Today, I read an article about embracing your life as a series of
empowered choices rather than obligations. Easier said than done of
course, but I immediately knew I needed to reevaluate the way I treat
my life. Even as it leaves my lips, the word “obligation” boils over with
negativity. I hear it and I feel the sting of ropes tied to my wrists,
bound to the things I feel I have to do rather than choose to do.

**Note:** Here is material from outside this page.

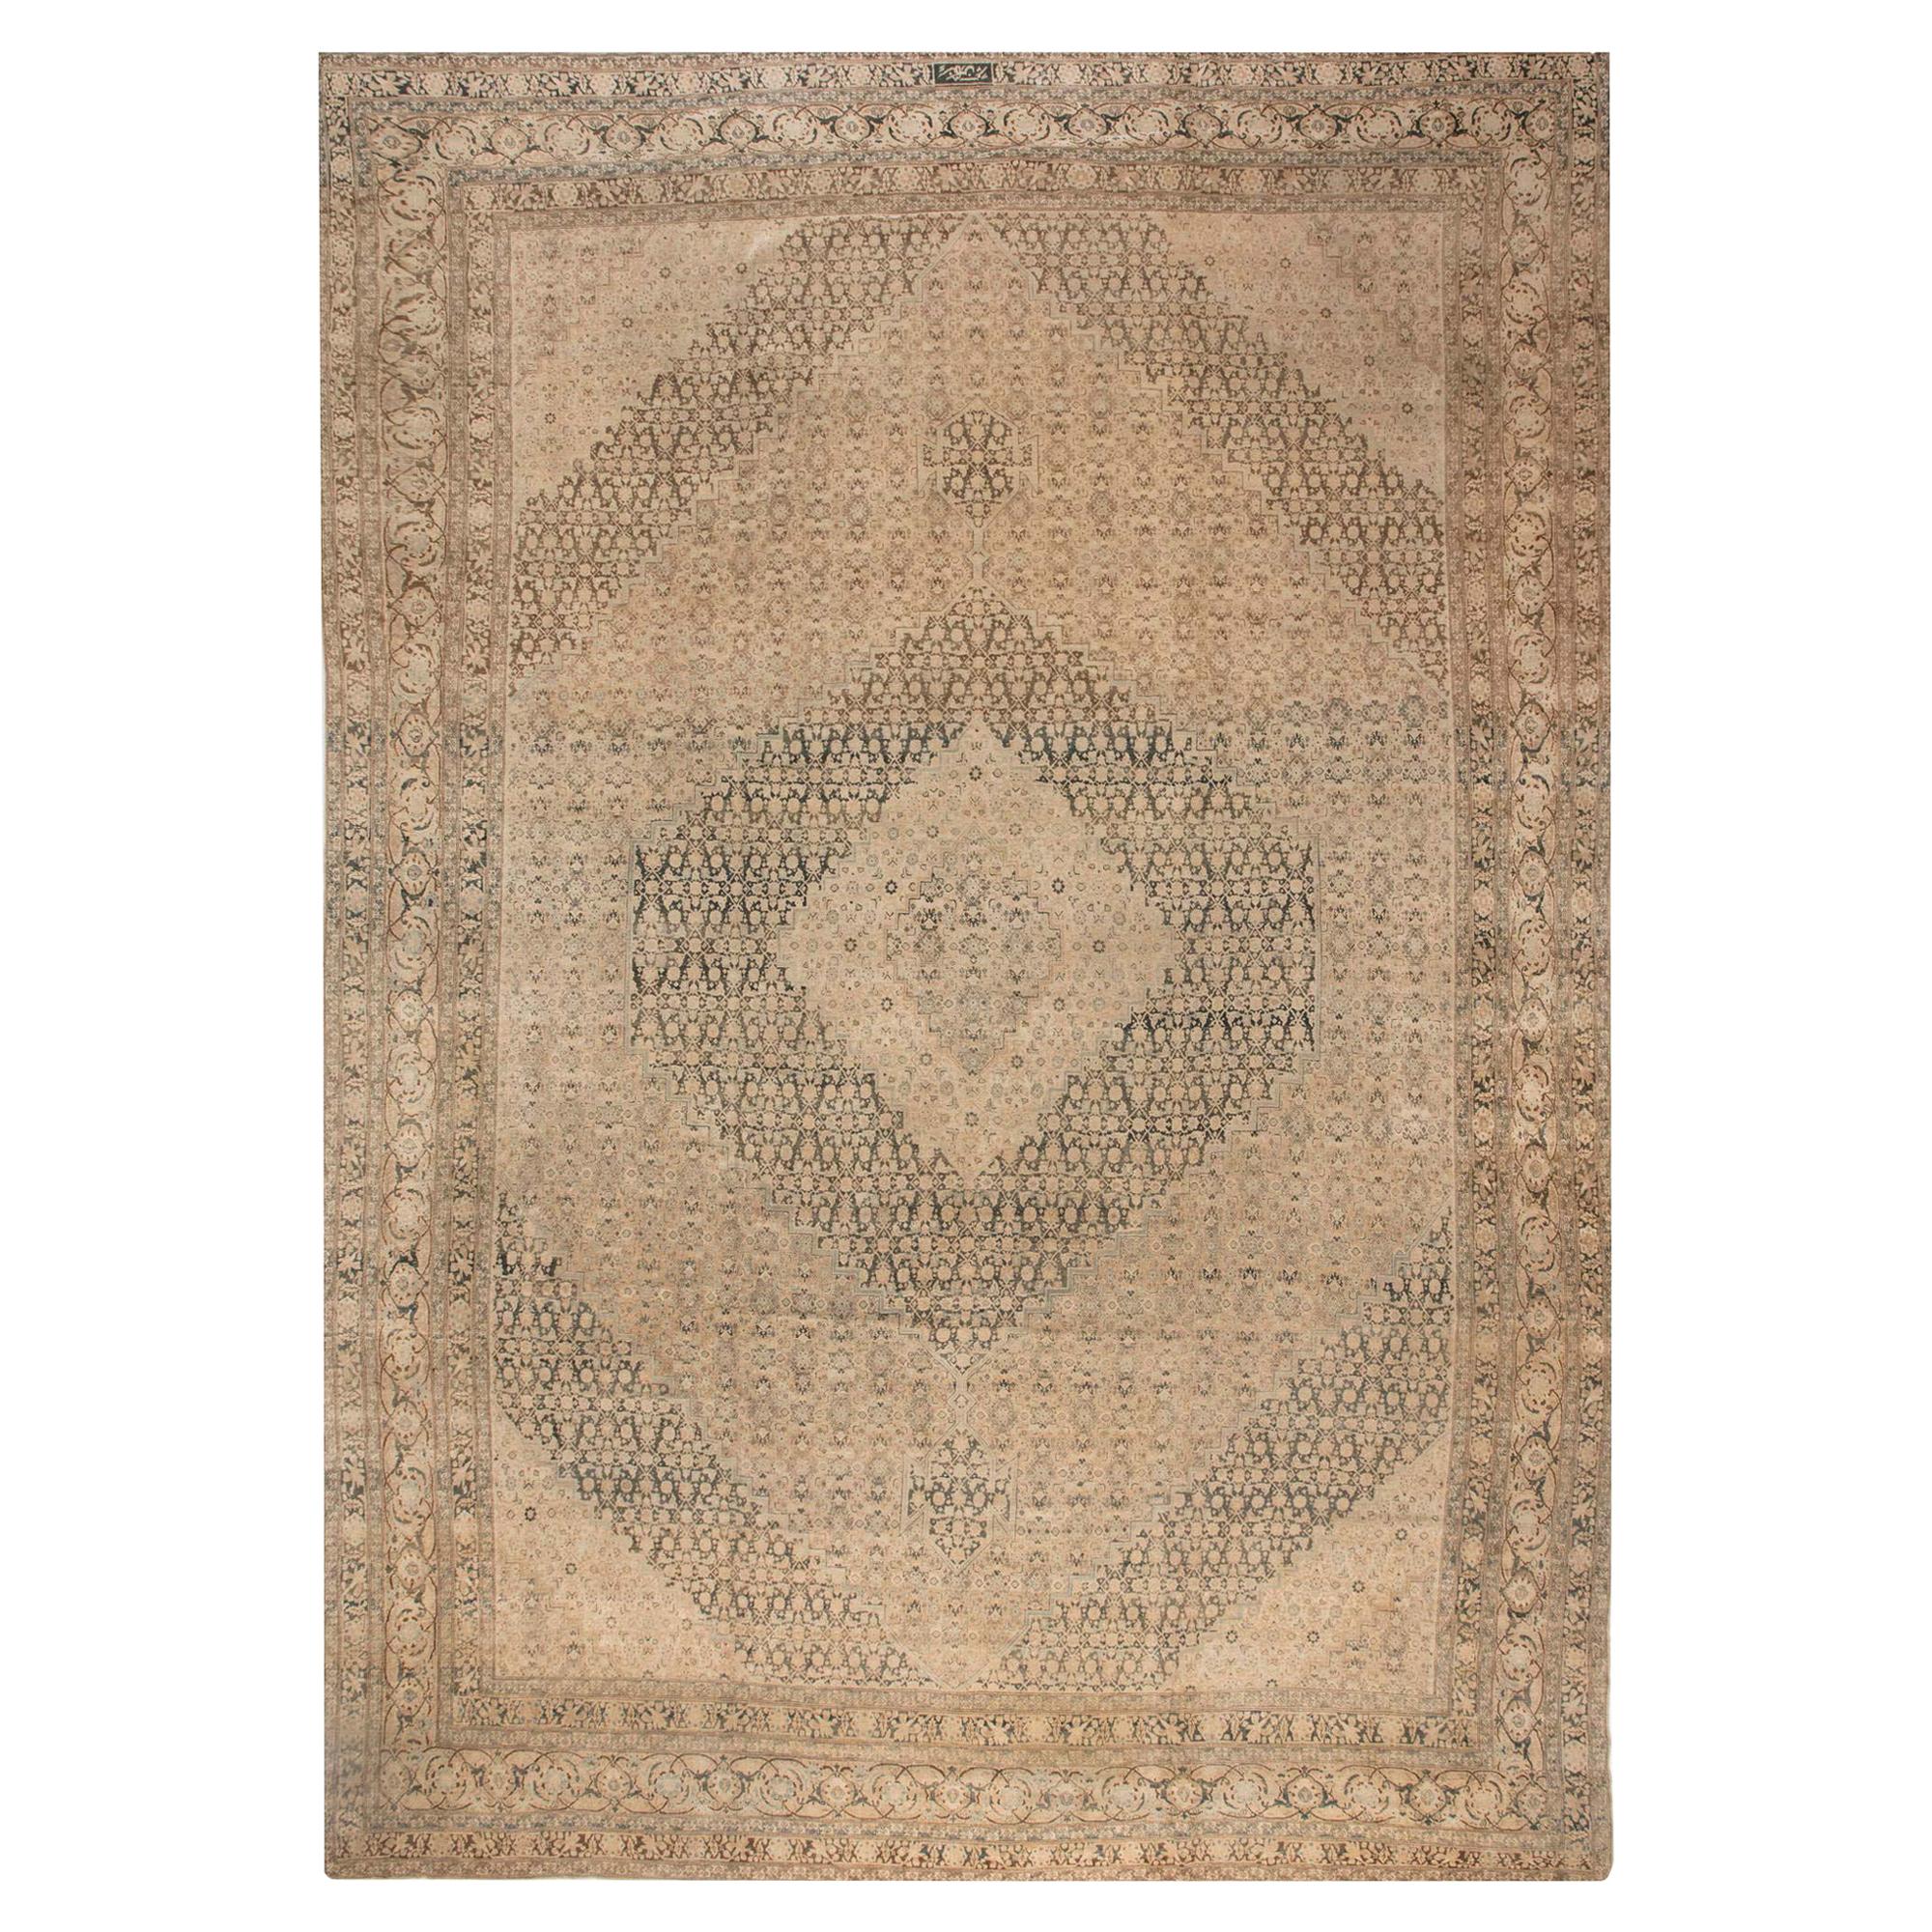 Antique Persian Tabriz Handwoven Wool Carpet For Sale
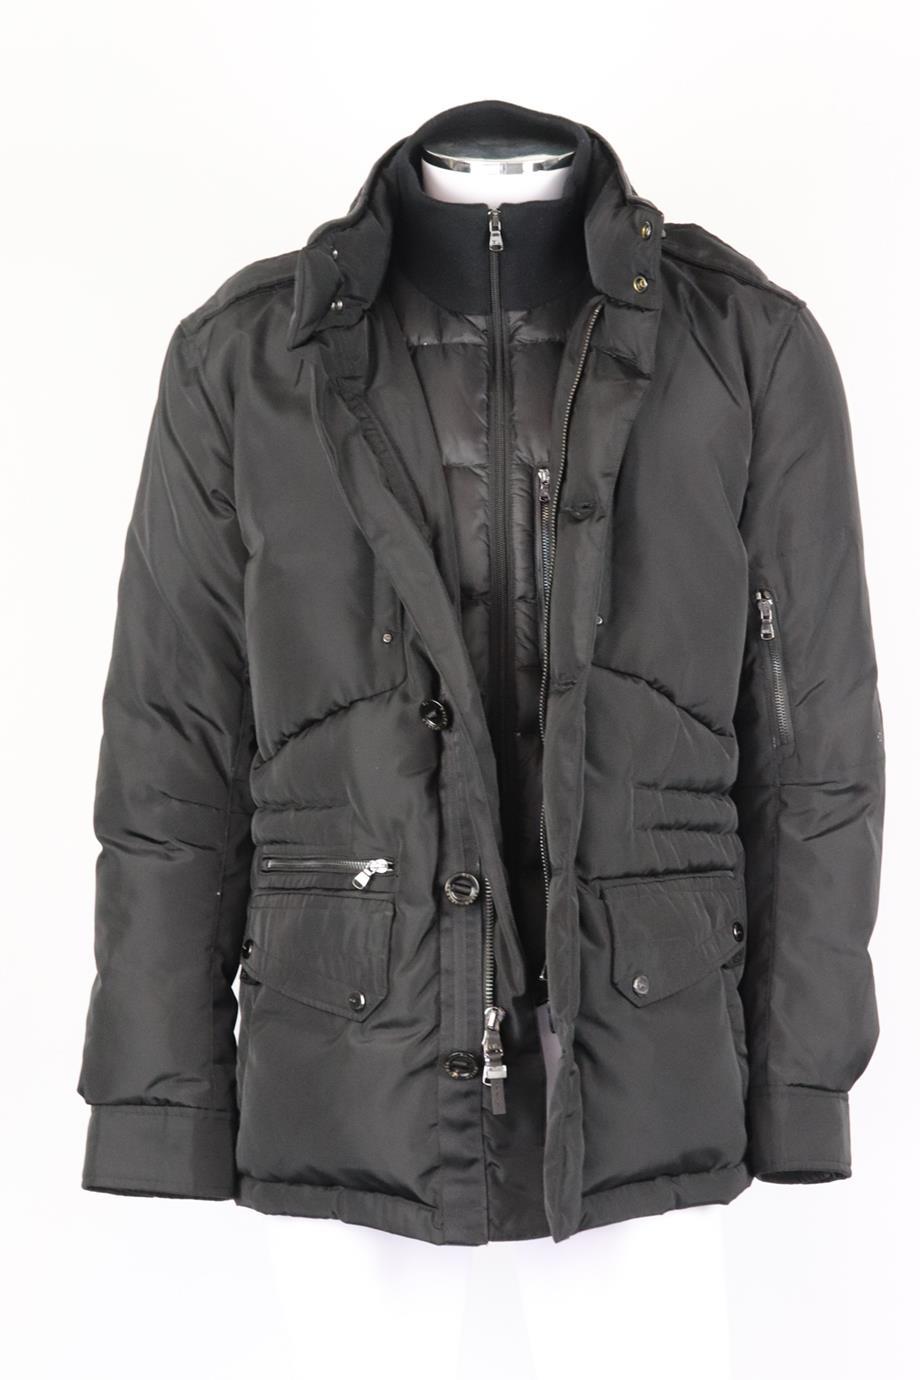 Ralph Lauren Black Label Men's Quilted Gabardine Down Jacket Large 1

When I was in college, I wasn’t aware of the word “obligation.” If I
was, it was in regards to something fun and trivial, i.e. “I want to
go to Margarita Monday but I feel obligated to go to Liz’s birthday
party.” Once I moved back home, I was severely jarred by the real
world that I assumed I was prepared for. “Obligation” was now
irrevocably knotted into the job search in a barren economy. I was
flailing, desperate to find my future that loomed like an oasis--it
was beautiful, and it didn’t exist.
I had carefully crafted my resume piece-by-piece for the past four
years; it was my idyllic little world inked symmetrically and
mathematically onto a sheet of white paper. I stood by as the eyes of
strangers glazed over it, again and again. There was no room for me in
the real world. For the first time in my life, I couldn’t find my
place.
It took some time to find a suitable job (after quitting my first and
rejecting others that my heart refused to commit to) and now that I’m
here, I still feel lost. And worse, I feel obligated. Obligated to
show up. Obligated to go to the gym. Obligated to smile. My life went
from endless choices--classes, extracurriculars, parties--to routine
of rigid obligations.
Or so I thought.
I have been wrong, and I need to change it now. Just because my life
isn’t handed to me on a platter of Blue and Gold anymore doesn’t mean
I can’t be grateful for what I have, and the goals I am working
towards for my future. I am going to wake up and appreciate my life
for exactly what it is. Hug it, squeeze it, tell it it’s beautiful
even when my soul feels weathered. Things may not be perfect right
now, but this experience is preparing me to cherish every moment of my
future, and it’s teaching me to love every moment of my present.